La cosa che più mi infastidisce del doppiaggio, è che le scene vengono nuovamente recitate da attori che la produzione non ha minimamente scelto (sono i distributori italiani che si occupano di far doppiare il film straniero). E io mi chiedo: perché mai al posto di Denzel Washington e George Clooney avrebbero dovuto scritturare il pur bravo Pannofino? E Mark Hammill in "Guerre Stellari"? No, via Hammill! Noi vogliamo Claudio Capone!
Il regista del film, in particolare, non ha alcun controllo sulla recitazione dei doppiatori. Lui, magari si era fatto un mazzo così a dirigere gli attori scritturati. Aveva scelto un certo tipo di stile, di taglio, di "impronta" da dare al film che porta la sua firma. Aveva rifatto le scene che non lo convincevano e agli attori gliele aveva fatte ripetere fino a che non catturava ciò che stava cercando, ciò che voleva "tirare fuori" dai suoi interpreti. Chissà quante volte sul set di "Forrest Gump", il regista Zemeckis avrà detto a Tom Hanks: "Aspetta Tom, questa la rifacciamo!".

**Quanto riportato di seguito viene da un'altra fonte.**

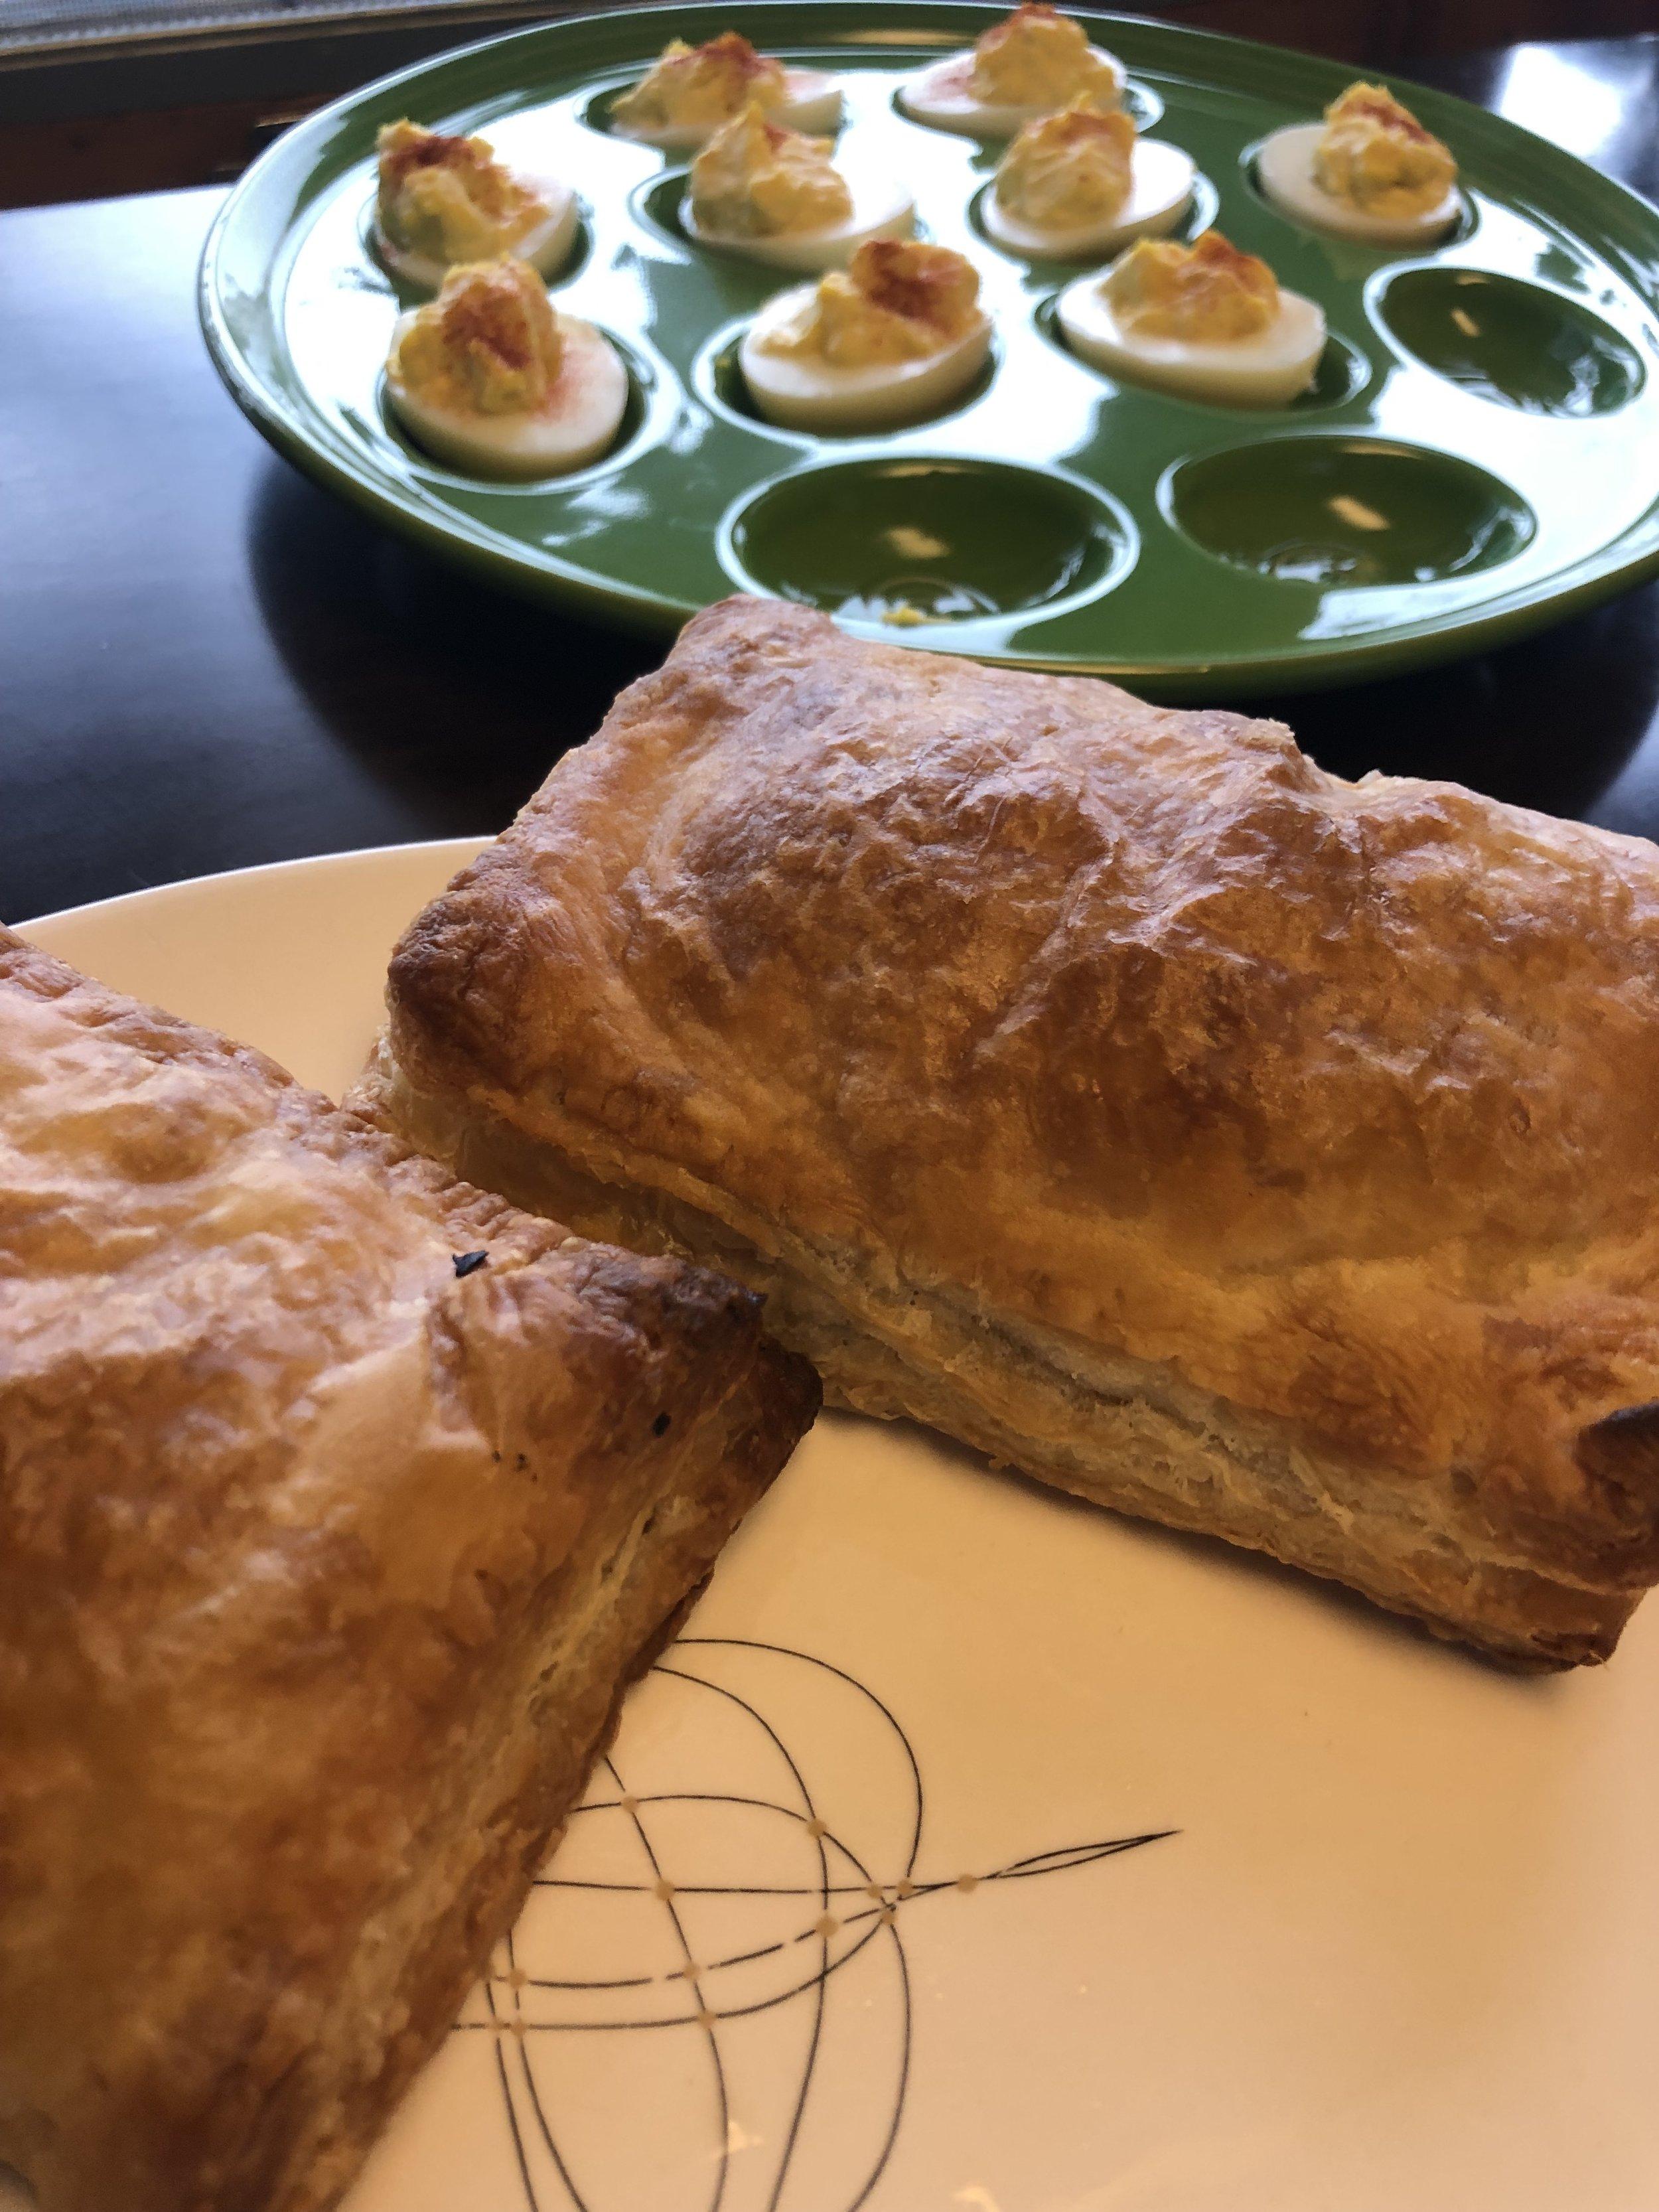 kdelap_thanksgivingfood

Bene, tutto questo non conta. In Italia chi dirige la sala doppiaggio, rifà il lavoro di Zemeckis, di Scott, di Nolan, alla facciazza loro.
Ogni volta che vedo un film doppiato, mi viene da pensare che è come se si andasse a "vedere" Bob Dylan che canta sul palco con il microfono spento, mentre Peppino-pizza-fichi-e-rocknroll, dalla regia, canta "Blowin' in the Wind" in italiano.
Giusto. Questa è una cosa che nessuno farebbe mai. Agli italiani sta bene non capire un tubo di cosa dice una canzone, ma l'artista che la propone, lo segue e dice pure che è il suo preferito. Per molti non conta il testo, ma solamente la musica e il gramelot che producono quando tentano di canticchiarla.
Il film invece no, va doppiato, e chissenefrega degli attori che hanno frequentato arte drammatica, hanno studiato tecniche di recitazione e training vocale e sono artisti internazionali. Perché si crede sempre che la recitazione sia "fare le faccine davanti alla cinepresa", mentre invece l'impostazione della voce, che porta via anni di studio, non conta nulla. Molti citano Robert De Niro o Al Pacino tra i loro attori preferiti, spesso, senza averli mai sentiti recitare.
Poco tempo fa Susan Sarandon era ospite in qualche trasmissione serale, durante la quale hanno passato alcuni spezzoni (doppiati) dei grandi film da lei interpretati. Il suo commento, tra il serio e il faceto, è stato lo stesso di tutti i suoi colleghi quando vengono in Italia: "Non sapevo di parlare l'italiano così bene!". E ho colto un leggero fastidio, nel vedere per l'ennesima volta, che il suo lavoro veniva cancellato e rifatto da uno sconosciuto.